By clicking “Sign up for GitHub”, you agree to our terms of service and privacy statement. We’ll occasionally send you account related emails.

Already on GitHub? Sign in to your account

checkpoint: pipeline finishing early #823

Open
nick-youngblut opened this issue Jan 3, 2021 · 25 comments
Open

checkpoint: pipeline finishing early #823

nick-youngblut opened this issue Jan 3, 2021 · 25 comments
Labels
bug Something isn't working

Comments

@nick-youngblut
Copy link

I'm running snakemake 5.31.1 (bioconda)

When using checkpoint, the pipeline will often finish successfully without completing all steps or even generating all output files designated by the all rule.

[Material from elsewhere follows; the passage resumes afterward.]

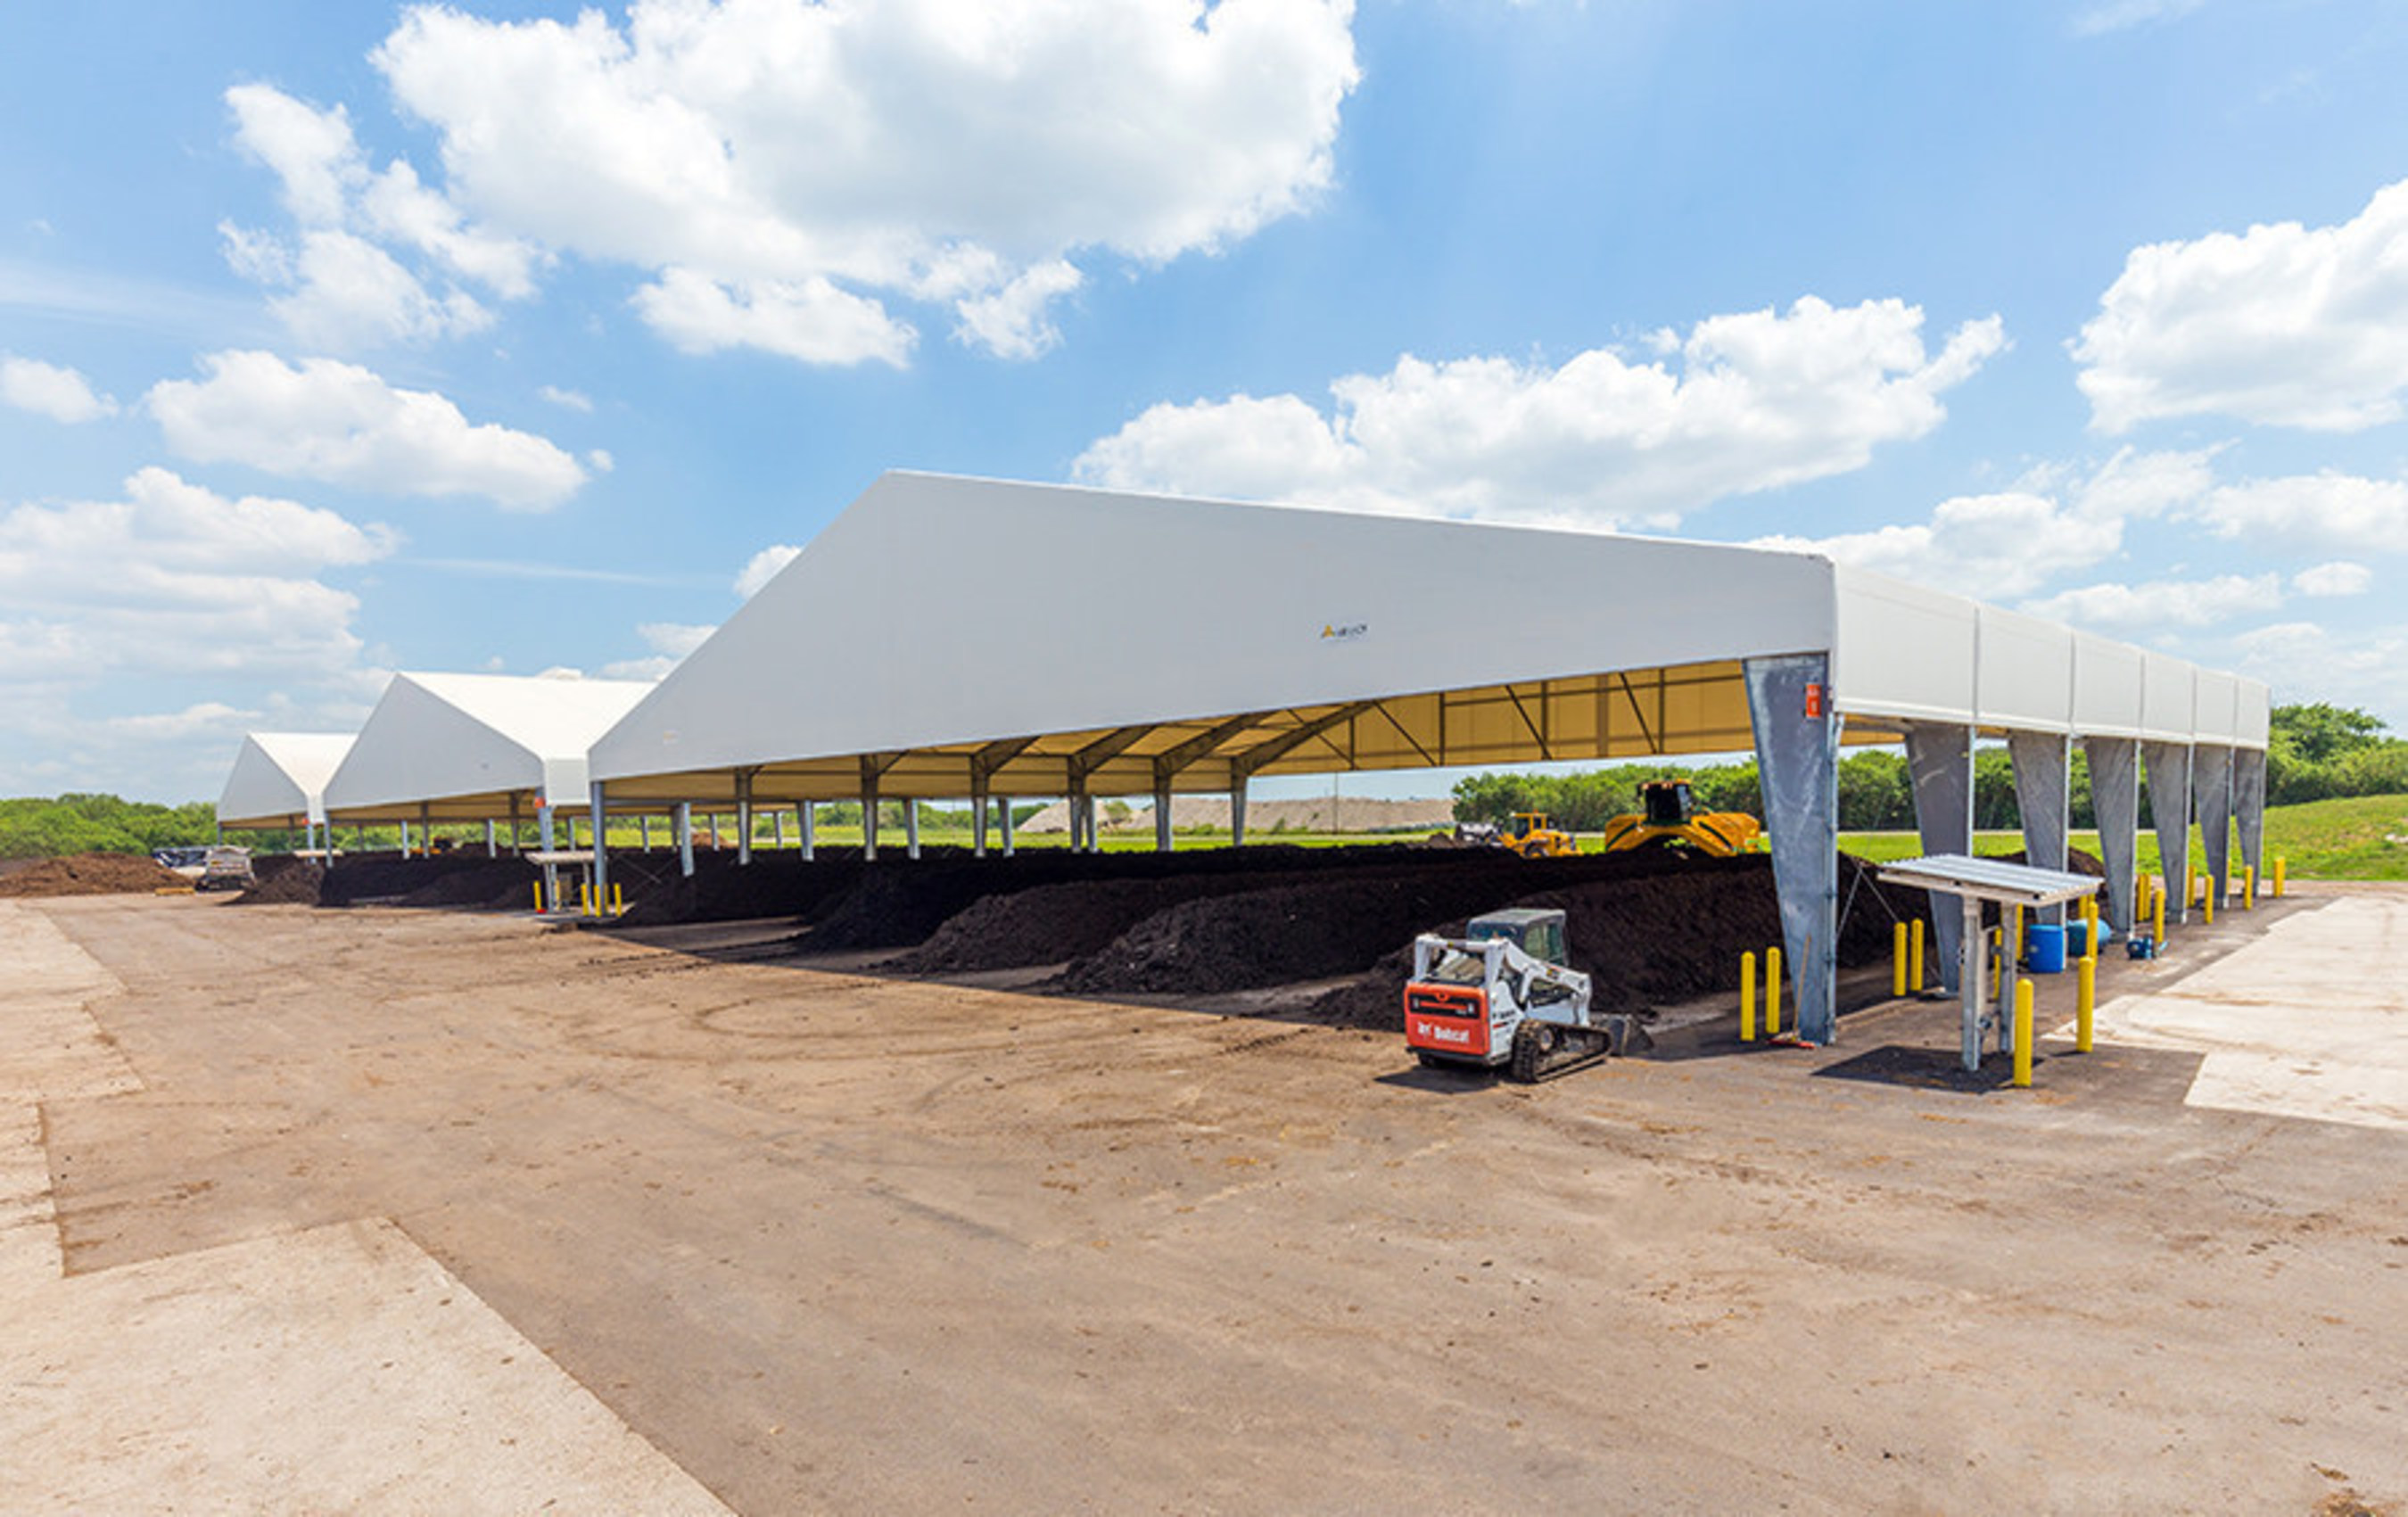 One key advantage of a Legacy fabric structure is that the translucent fabric allows light to enter the building through the roof, saving energy costs by eliminating the need for artificial lighting during daylight hours.
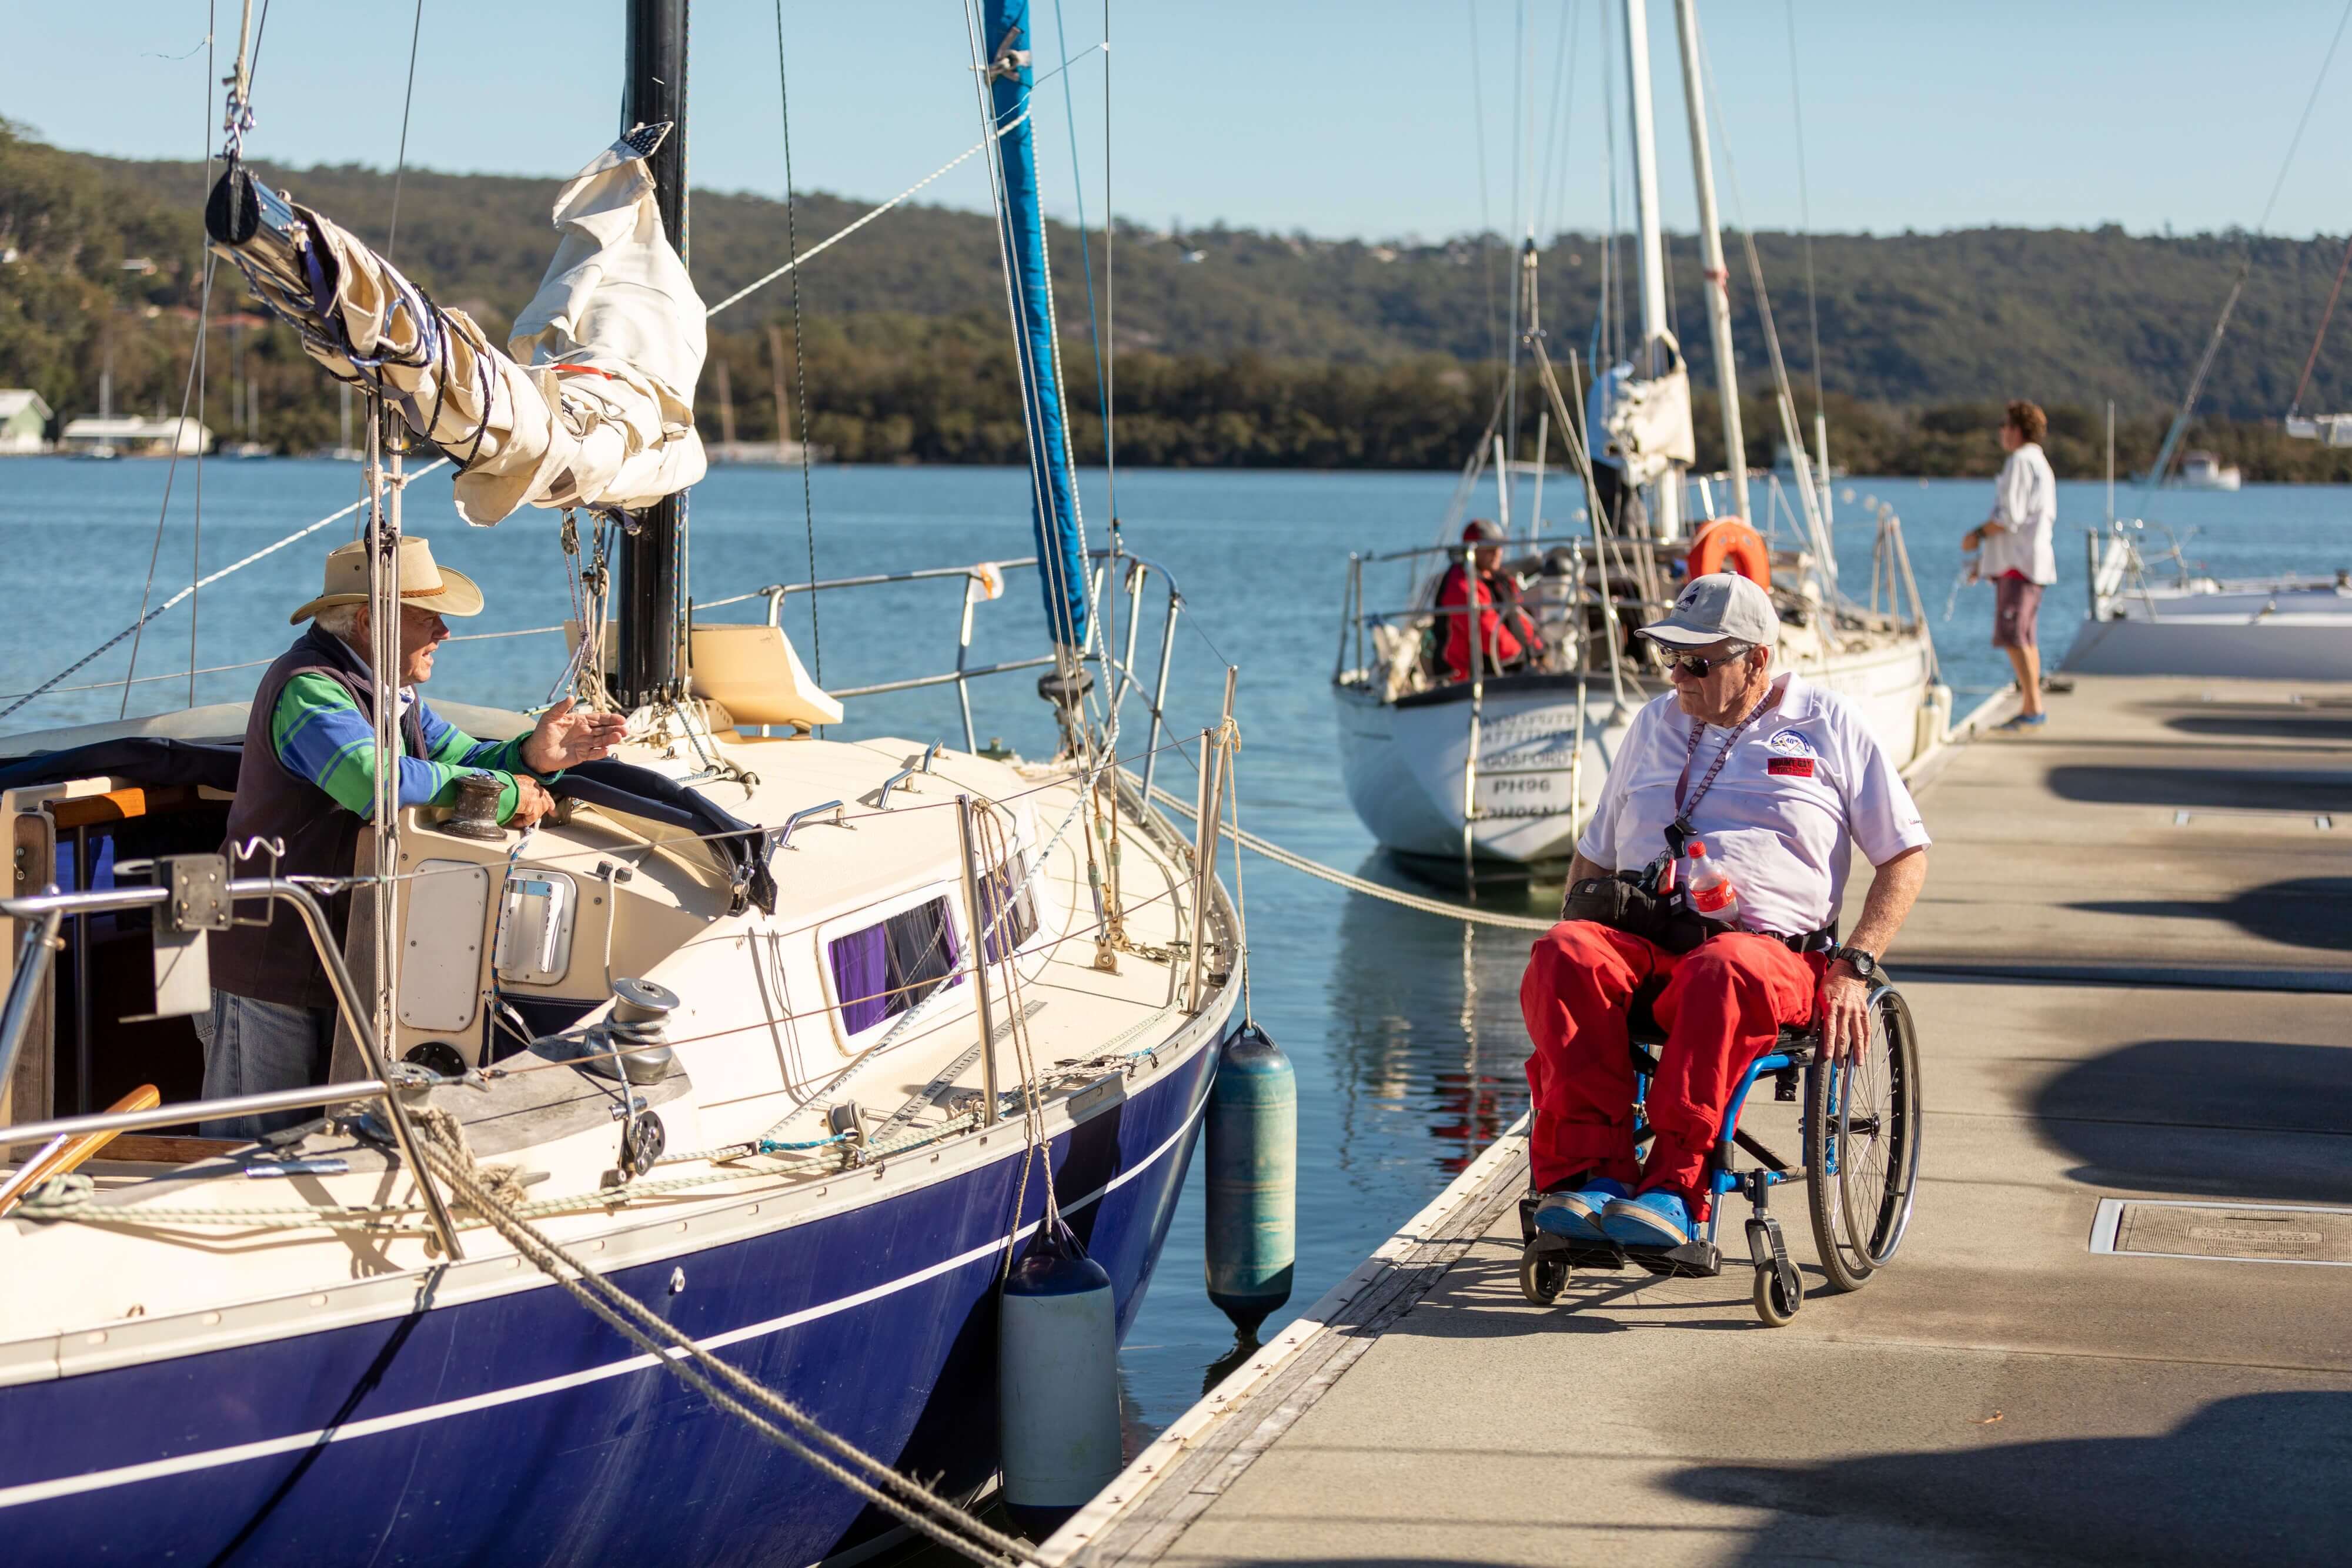 Person in wheelchair on the marina talking to person on Yacht at Gosford Sailing Club

For instance, here's the end of a recent run:

[Sun Jan  3 12:52:42 2021]
Finished job 4215.
2877 of 6702 steps (43%) done
Removing temporary output file /ebio/abt3_scratch/nyoungblut/LLPRIMER_101310211274/primers_raw/28/primers_126.txt.
[Sun Jan  3 12:52:43 2021]
Finished job 912.
2878 of 6702 steps (43%) done
Removing temporary output file /ebio/abt3_scratch/nyoungblut/LLPRIMER_101310211274/primers_raw/34/primers_191.txt.
[Sun Jan  3 12:52:43 2021]
Finished job 4515.
2879 of 6702 steps (43%) done
Removing temporary output file /ebio/abt3_scratch/nyoungblut/LLPRIMER_101310211274/primers_raw/28/primers_201.txt.
[Sun Jan  3 12:52:44 2021]
Finished job 1437.
2880 of 6702 steps (43%) done
Complete log: /ebio/abt3_projects/software/dev/ll_pipelines/llprimer/.snakemake/log/2021-01-03T115355.280837.snakemake.log

Pipeline complete! Creating report...

If I try to "finish" the run by re-running snakemake, snakemake will start from the beginning of the pipeline instead of picking up where it left off.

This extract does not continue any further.